Now the list can be passed through the vectorizer.

In [8]:
vectorizer = TfidfVectorizer(stop_words="english")
X = vectorizer.fit_transform(texts)

## 5. Training the Model

In [9]:
number_of_clusters = 2
model = MiniBatchKMeans(n_clusters=number_of_clusters, random_state=42)
model.fit(X);



### Grouping the texts based on clusters


In [10]:
clusters = model.labels_

grouped_texts = {}
for i,text in enumerate(texts):
    cluster = clusters[i]
    if cluster not in grouped_texts:
        grouped_texts[cluster] = []
    grouped_texts[cluster].append(text)

In [11]:
clusters

array([1, 1, 1, ..., 1, 1, 0], dtype=int32)

In [12]:
pd.DataFrame(clusters,texts)

Unnamed: 0,0
"To delve into the nuances of perfumery, I attended a fragrance blending masterclass. Understanding base, middle, and top notes, and crafting a personalized fragrance not only heightened olfactory senses but also unveiled the artistry behind creating unique scents.",1
"A recent meal at a restaurant has resulted in symptoms of food poisoning, including nausea and persistent digestive discomfort.",1
"Reconnecting with old friends over a video call, distance can't dull true friendships.",1
"Customers who dined at a local establishment reported experiencing symptoms consistent with food poisoning, leading to heightened scrutiny of the restaurant's hygiene practices.",1
"On a quest for intellectual stimulation, I joined a philosophy reading group. Engaging in deep discussions on existentialism, ethics, and metaphysics broadened my perspectives and fostered a community of critical thinkers committed to exploring the profound questions of existence.",1
...,...
"Took a pottery class, getting hands-on with clay is therapeutic.",0
"Seeking intellectual stimulation, I enrolled in a philosophy of science course. The discussions on scientific methodology, the philosophy behind empirical inquiry, and the intersection of science and ethics deepened my understanding of the scientific endeavor.",1
Experiencing nausea and diarrhea after dining out; suspecting foodborne contamination.,1
Spent the evening making homemade pizza with fresh toppings. Better than takeout!,1


### Identifying the food poisoning related cluster

In [13]:
keywords = ["food poisoning", "sick", "hospitalized", "nausea", "vomiting", "cramps", "diarrhea"]

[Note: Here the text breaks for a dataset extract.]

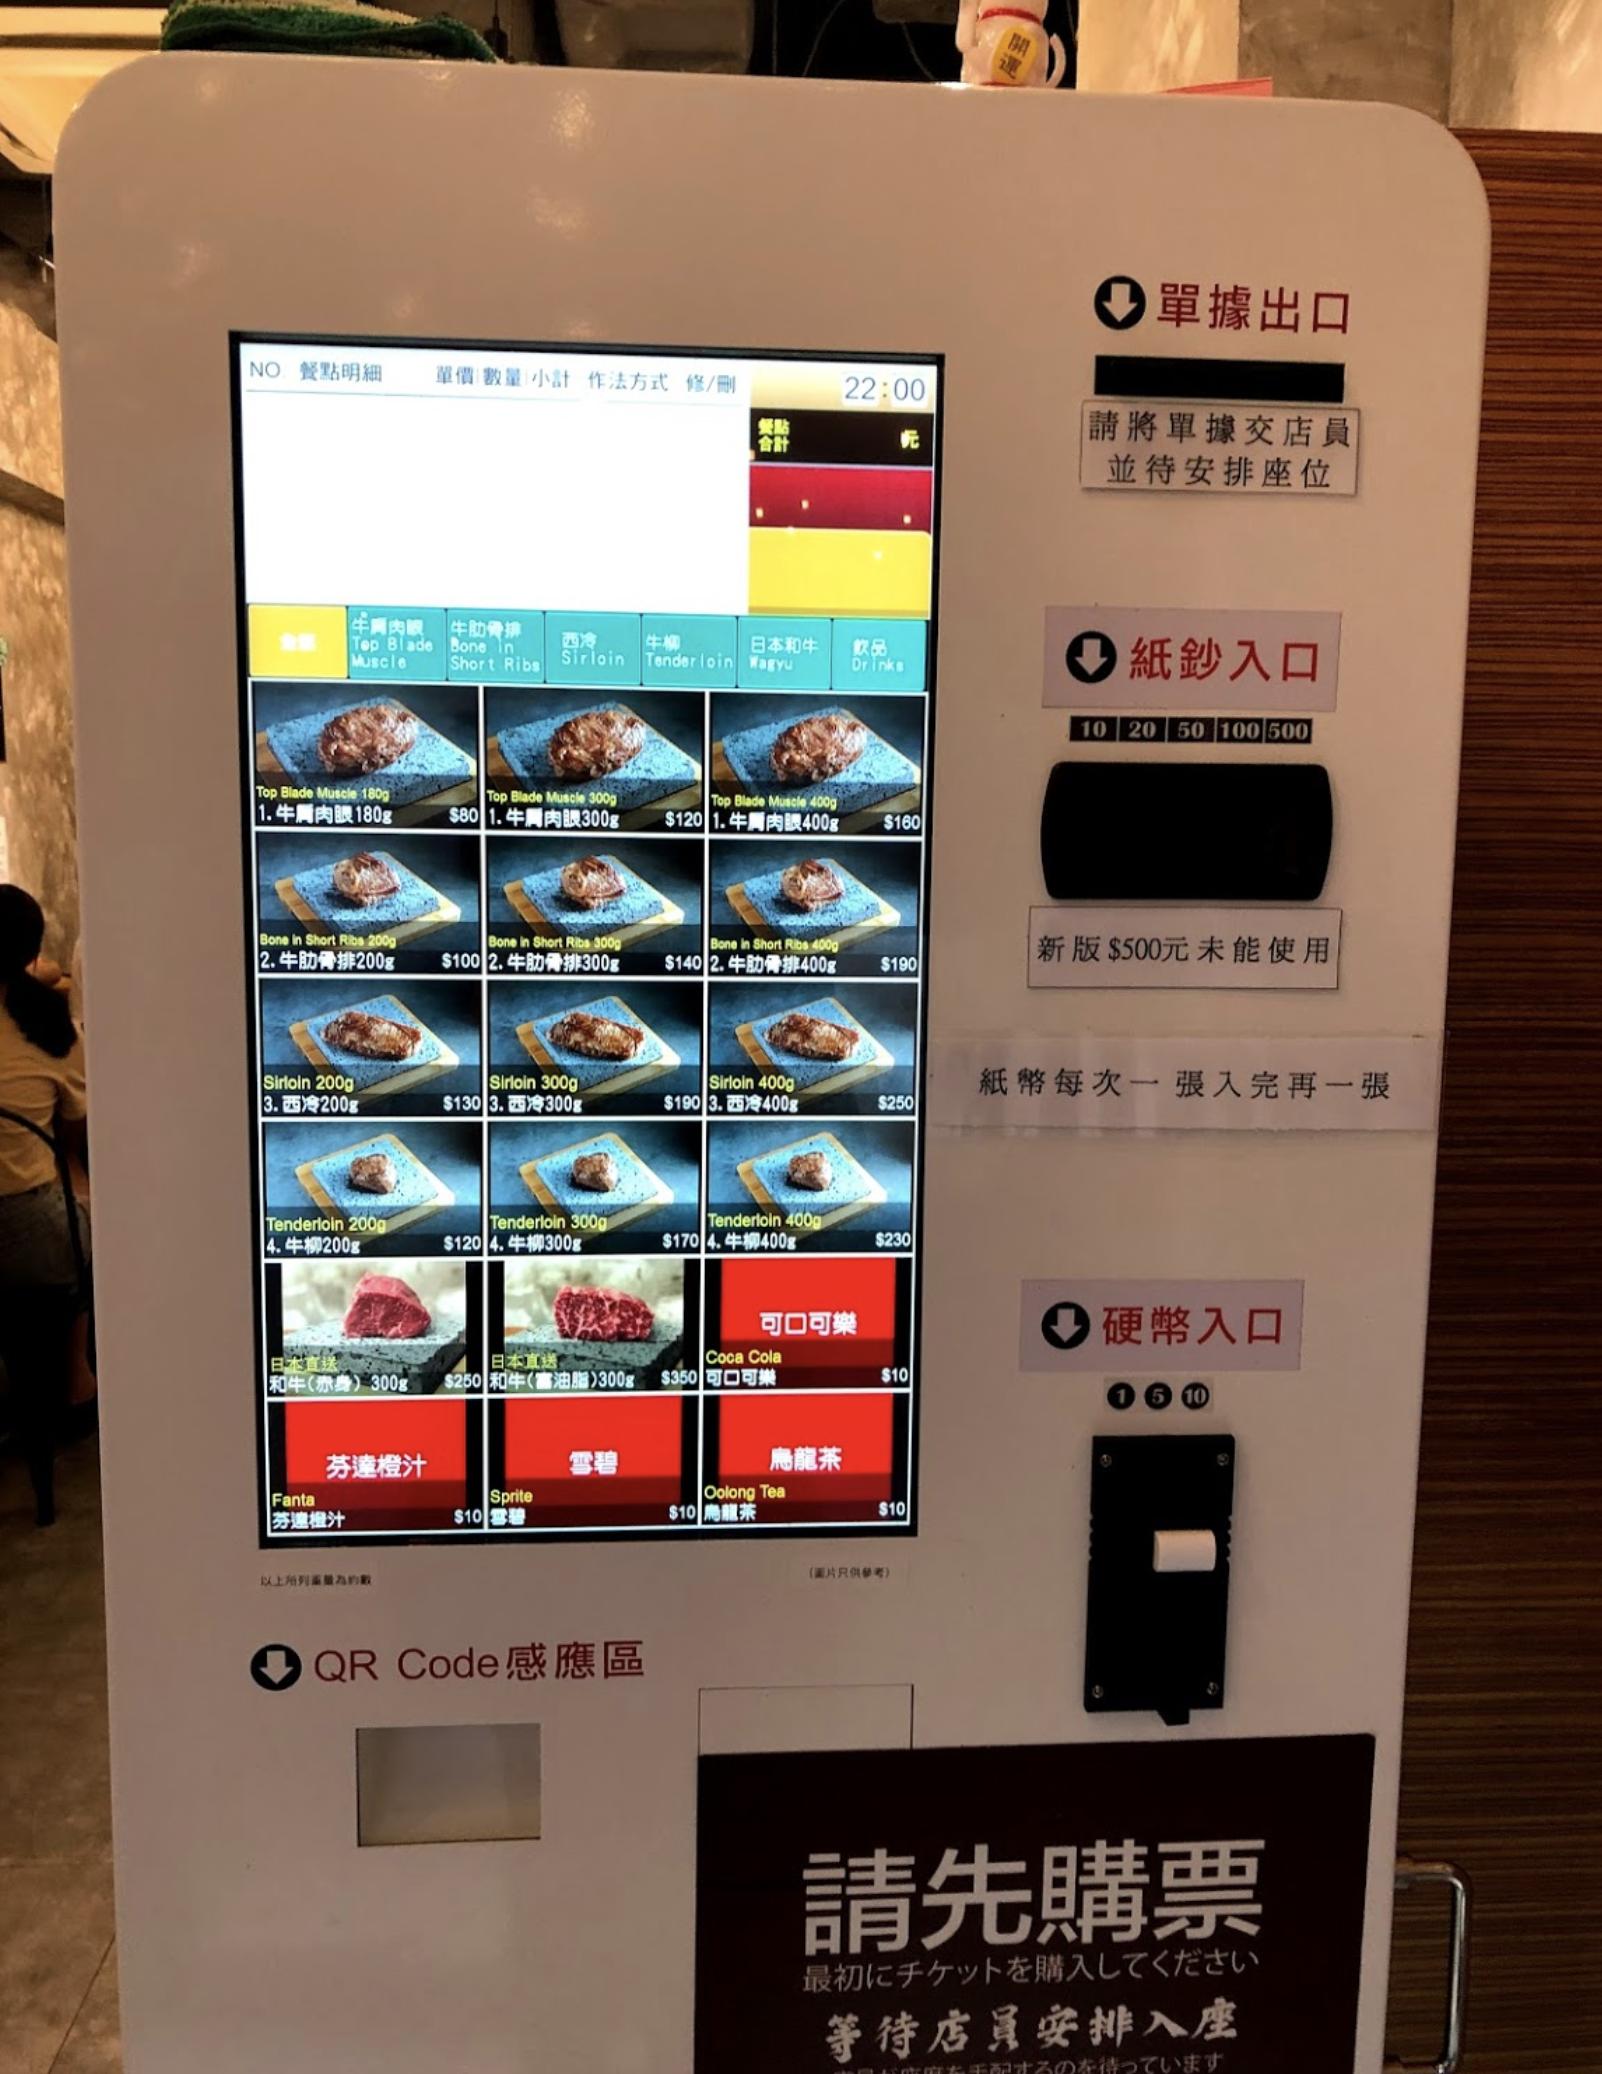 旺角燒肉/牛極/一入到去有部自動售賣機,好清楚整齊放好晒食物既價錢同圖片,好方便。
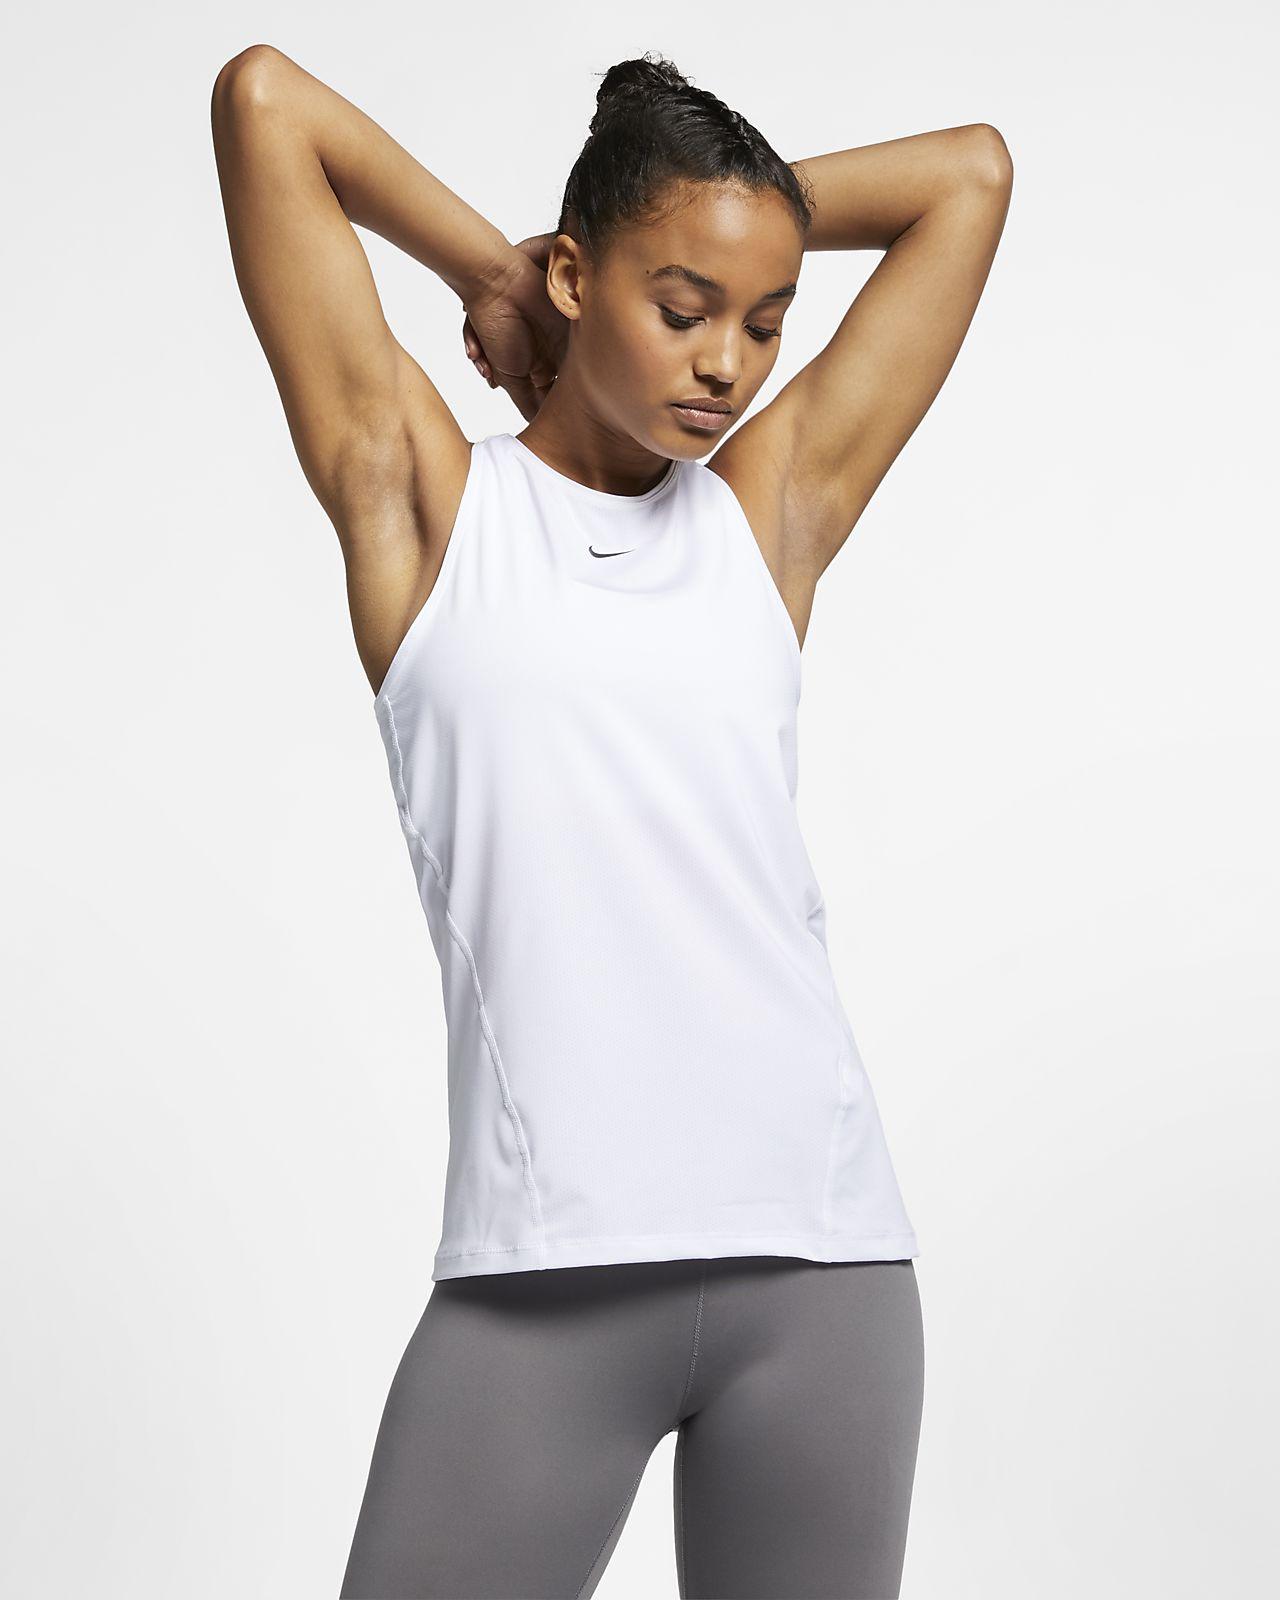 Canotta da training Nike Donna Bianco Nero Bianco

food_poisoning_cluster = [cluster for cluster, texts in grouped_texts.items() if any(keyword in ''.join(texts).lower() for keyword in keywords)][0]
food_poisoning_cluster

1

## 6. Predicting Values

Now let's use the trained model to predict if a given text is related to food poisoning or not.

In [14]:
def predictCluster(text):
    vector = vectorizer.transform([text])
    pred = model.predict(vector)[0]
    return pred

def isFoodPoisoning(text):
    return True if (predictCluster(text) == food_poisoning_cluster) else False

In [15]:
example_text = "I have nausea and stomachache because of food poisoning."
if isFoodPoisoning(example_text):
    print("The message is food poisoning related.")
else:
    print("The message is not food poisoning related.")

The message is food poisoning related.


## 7. Conclusion

The model has been successfully trained using Unsupervised Learning techniques to achieve the objective of classifying if a given text message is related to food poisoning or not.